**WHAT NEEDS TO BE DONE**
Lines from the one with "Feuille de papier" up to and including the one with "LJTP 100.240 - S." are to be copied exactly from the records below, without their pictures.
ENTRIES PROVIDED Start Marker
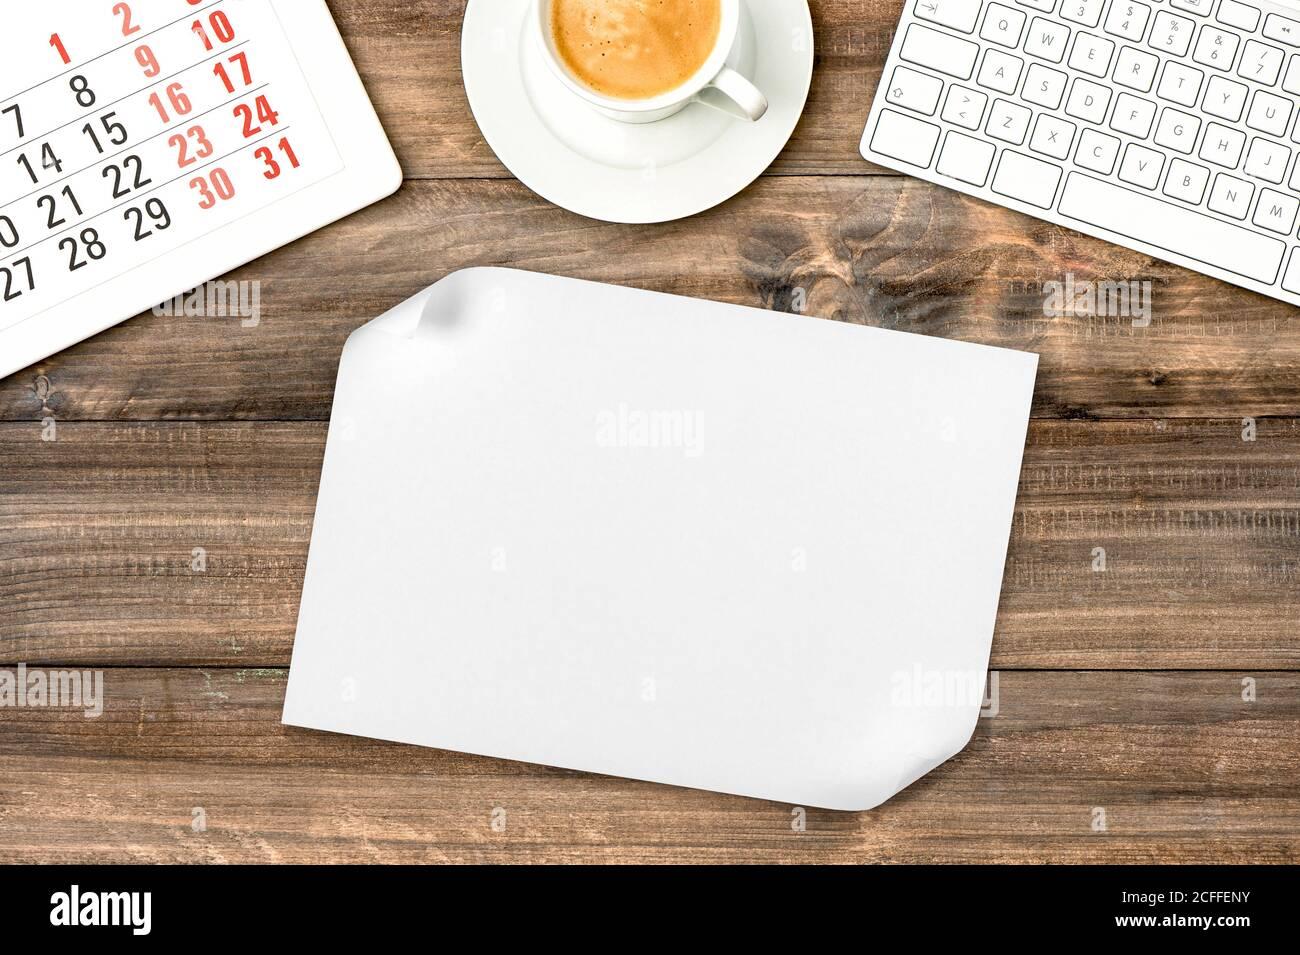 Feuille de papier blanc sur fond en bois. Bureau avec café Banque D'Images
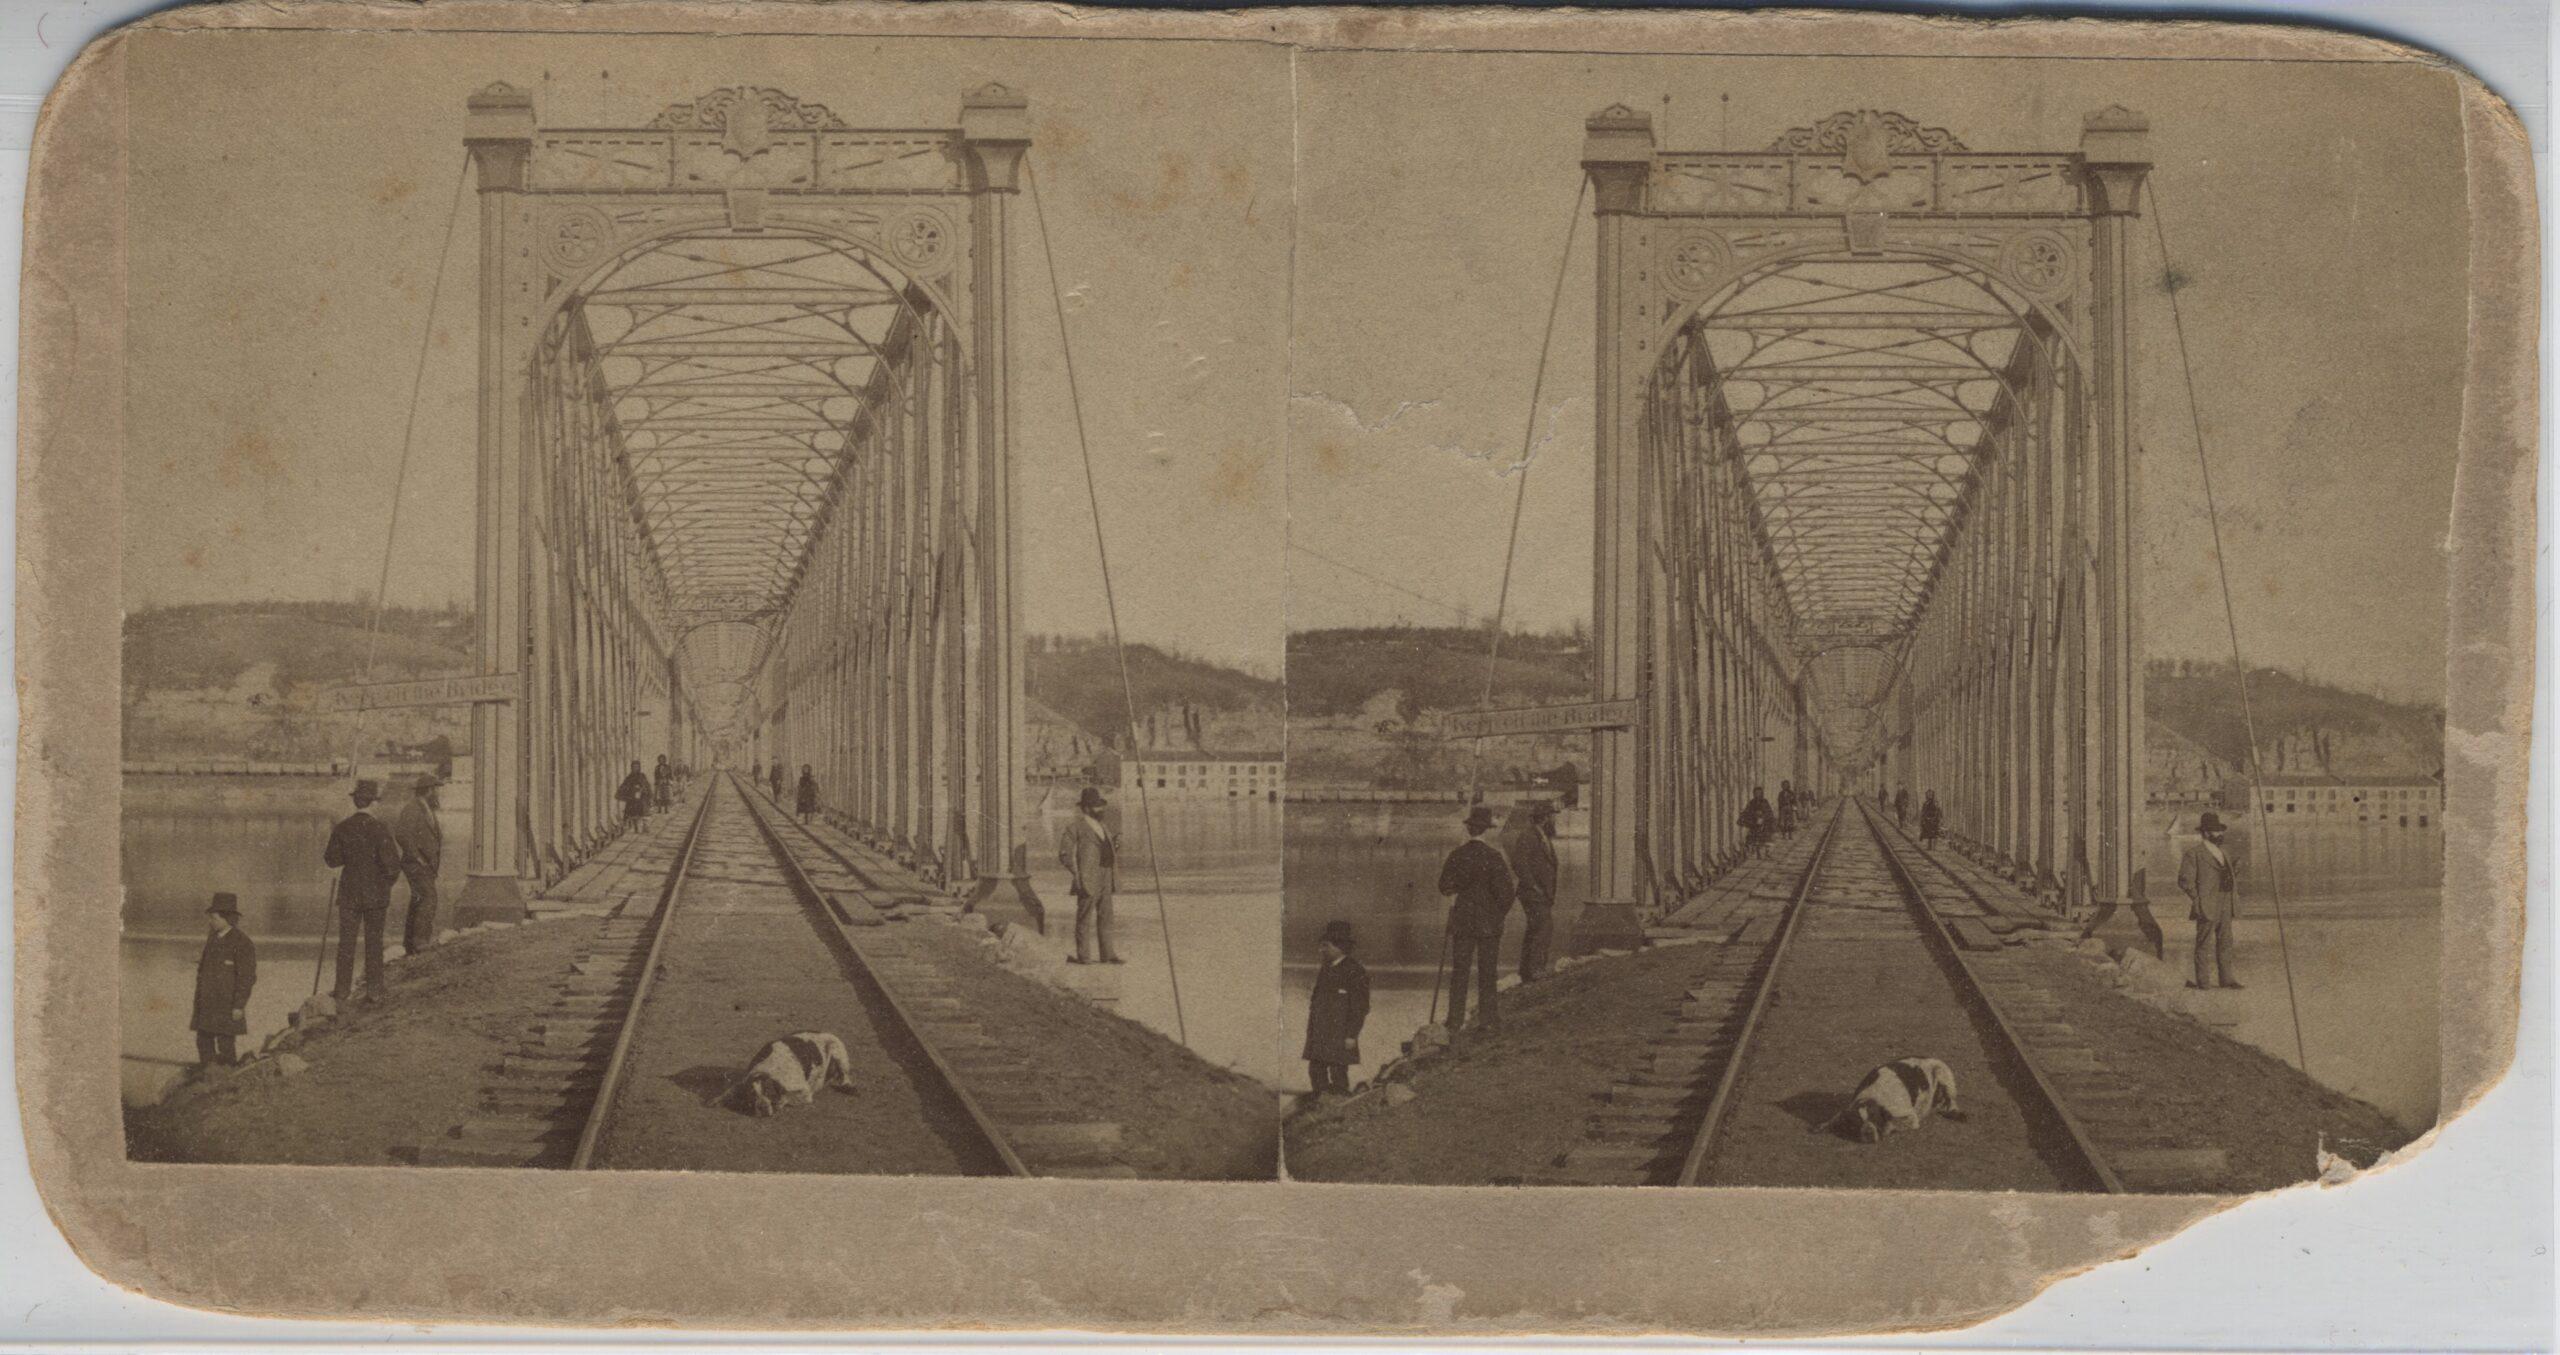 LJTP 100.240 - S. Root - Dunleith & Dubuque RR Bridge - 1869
ENTRIES PROVIDED End Marker
ENTRIES PROVIDED Start Marker
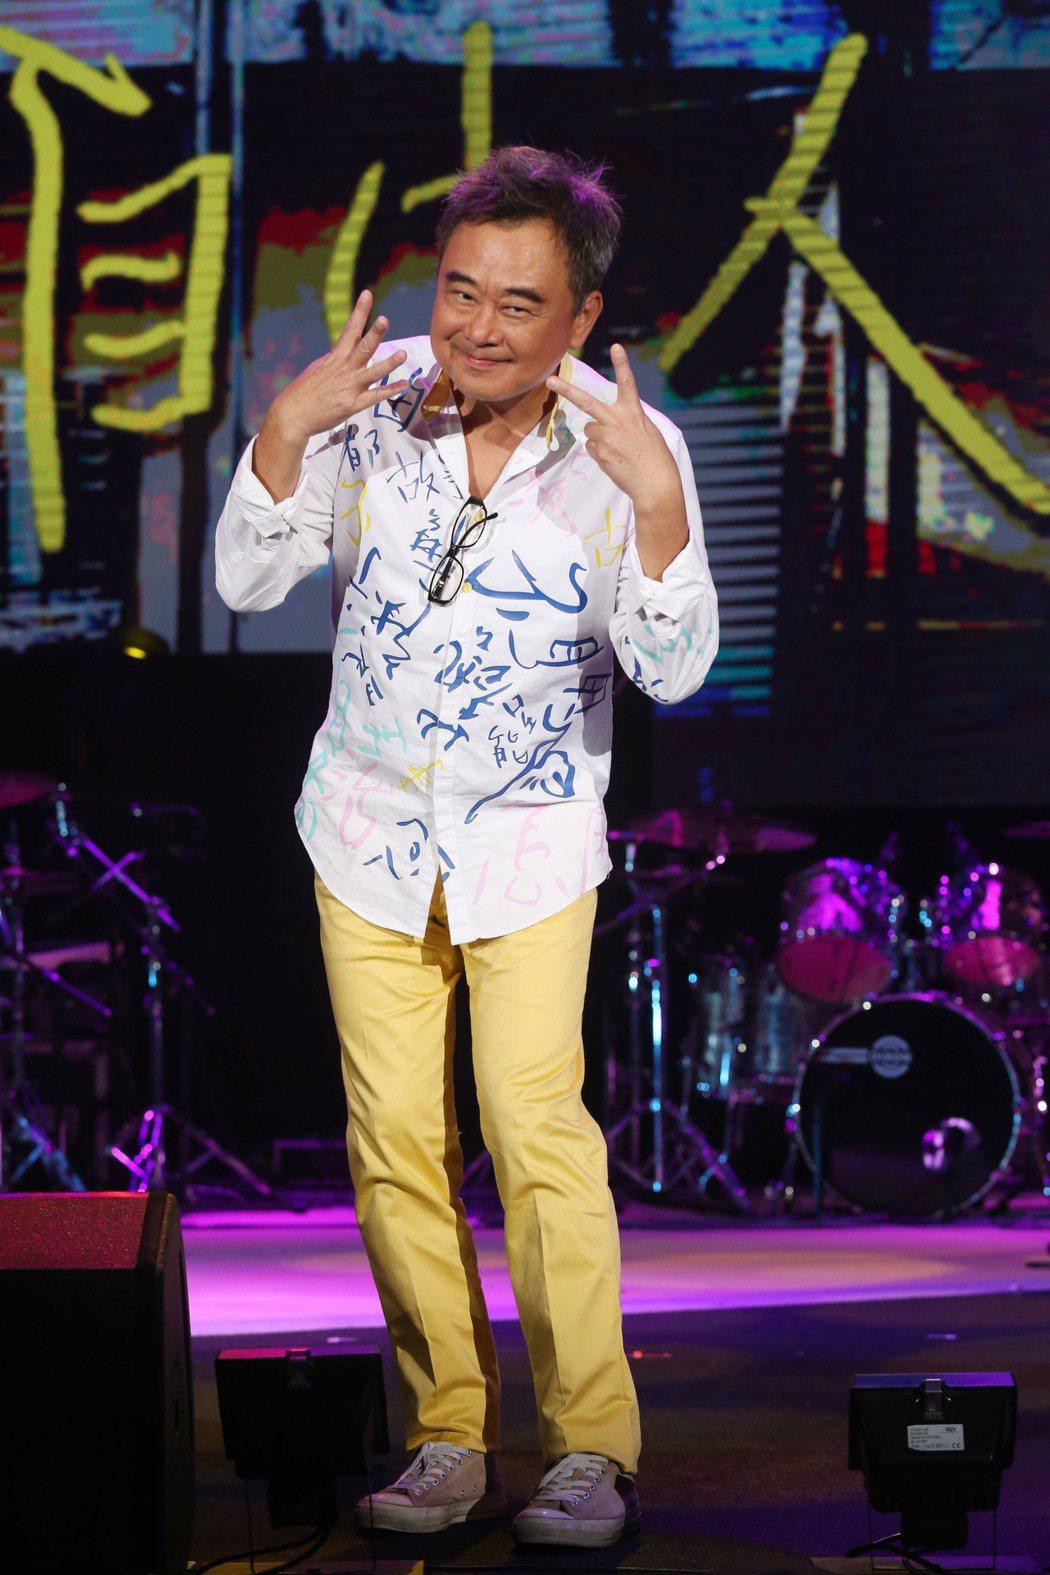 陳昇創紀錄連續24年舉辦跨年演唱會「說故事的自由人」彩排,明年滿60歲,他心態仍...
ENTRIES PROVIDED End Marker
**RESPONSE TO THE TASK**
 Feuille de papier blanc sur fond en bois. Bureau avec café Banque D'Images
 LJTP 100.240 - S. Root - Dunleith & Dubuque RR Bridge - 1869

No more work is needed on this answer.